Cultural issues aside, I think all the rest of this can be tackled in a startup-like fashion: Build something that users want. At first, try to get a small part of it right for a small set of early adopters, and direct your growth from there: the implementation of new features is guided by feedback of current users and what changes would bring in the most users, with one crucial detail: user retention is critical. In startups, as long as you're growing, you're ok with losing some users by alienating them. Here, because the goal is to embrace the entirety of the scientific community, you can't afford that. It will be better to grow at a slower rate and retain users, than risk getting to a point where a large fraction of users opted out and does not want to come back into the platform.

If everything went unimaginably perfect, the final platform would be something like a cross between GitHub/arXiv/Facebook/ResearchGate/LabGuru/Quartzy. To some extend all these initiatives capture some aspect of my proposal.
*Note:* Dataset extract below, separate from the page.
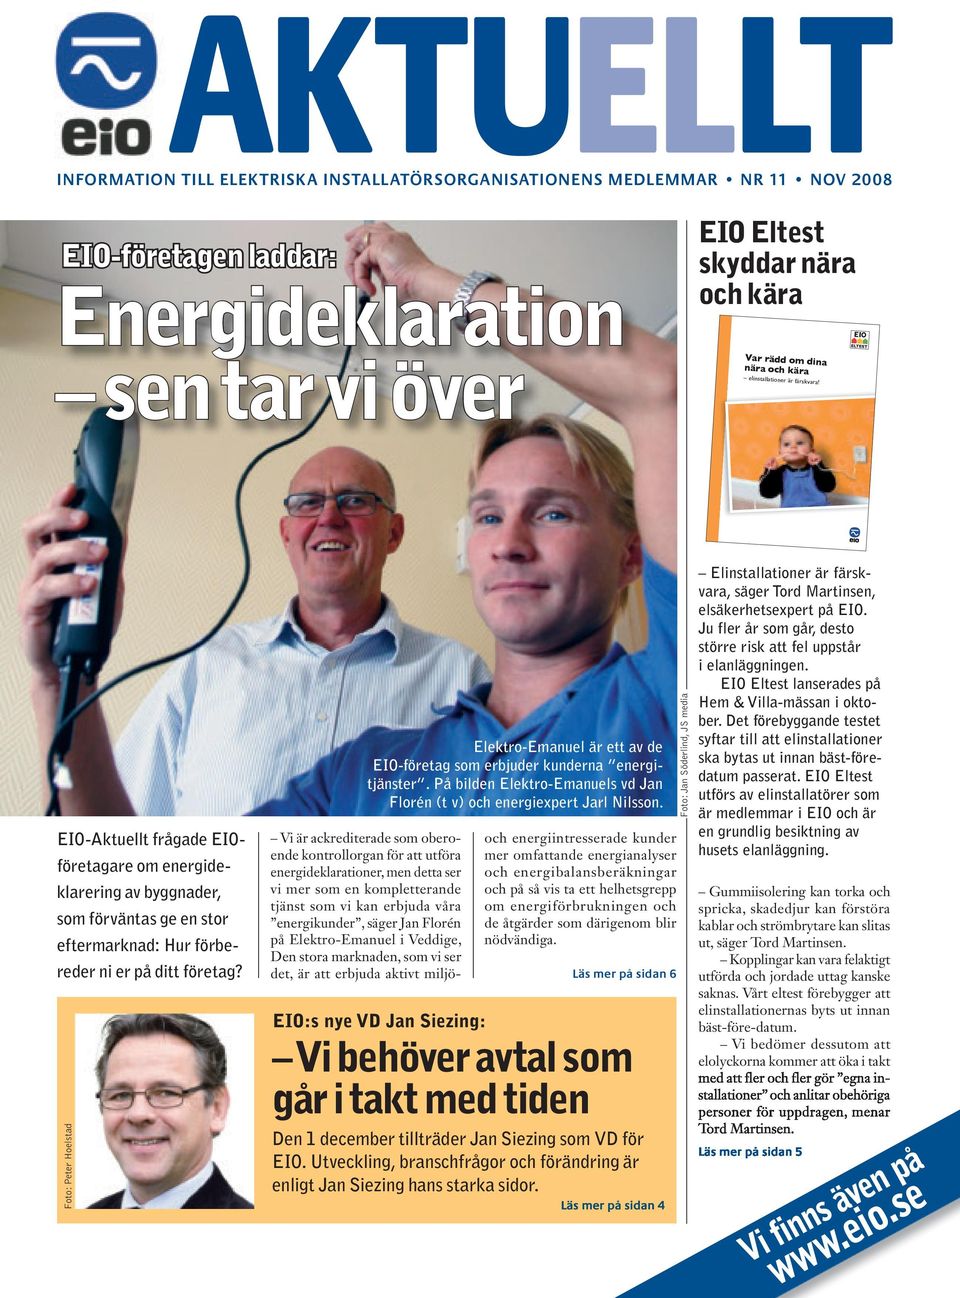 Foto: Peter Hoelstad Elektro-Emanuel är ett av de EIO-företag som erbjuder kunderna energitjänster. På bilden Elektro-Emanuels vd Jan Florén (t v) och energiexpert Jarl Nilsson.

Additionally, the platform should also allow for the curation of large databases, like the PDB does. This is fundamental because many areas lack a convenient and standardized repository for data that does not fit into a publication. For example, there is no database for storing and sharing molecular dynamics trajectories. Almost always the authors don't make the simulated trajectories readily available, and indeed it's hard to find molecular dynamics trajectories even for didactic purposes. This is also because those data-sets are usually pretty big, so it's costly to make them conveniently available. Interestingly, this very hurdle provides a sensible avenue for revenue: charge users for the download of very large data-sets. In the case of extremely large sets, the physical media can even be mailed to the users (as Google sometime does).

Finally, there is one last requirement for such a platform: it has to be completely open source. By that I mean not only that all the information is freely accessible (with the possible exception, as described above, of large data sets), but also that the source code of the platform has to be open. There has to be absolute transparency. If someone thinks they can do things better, they should be able to just grab the code, set up a server and go run things themselves. There can be no margin for any sort of monopolization, or else we risk ending back with the current system.

So yeah, those are my two cents. I believe the first step in such a daunting venture would be mapping the space of who is thinking or doing something in that regard, and see if there's anybody good to join (which would certainly spare a few years of work). Quartzy or Lab Guru are perhaps the two best oriented players in this space (in terms of what they're doing and technical capacity to implement things), but developing this platform would be a huge pivot for them which I have no clue if they'd be interested in. Quartzy seems to have the right personality for it. Lab Guru is owned by Nature Publishing Group, so I would guess they have no interest in hastening the downfall of their own empire. But I could be wrong, and it would be delightful. There's also all the arXiv people, but I don’t know the extent of their entrepreneurial drive. Oh, and in the process of writing this I also found this startup, Kynplex, which are two Harvard students who just got 100k from the Thiel Fellowship, so that could be interesting too.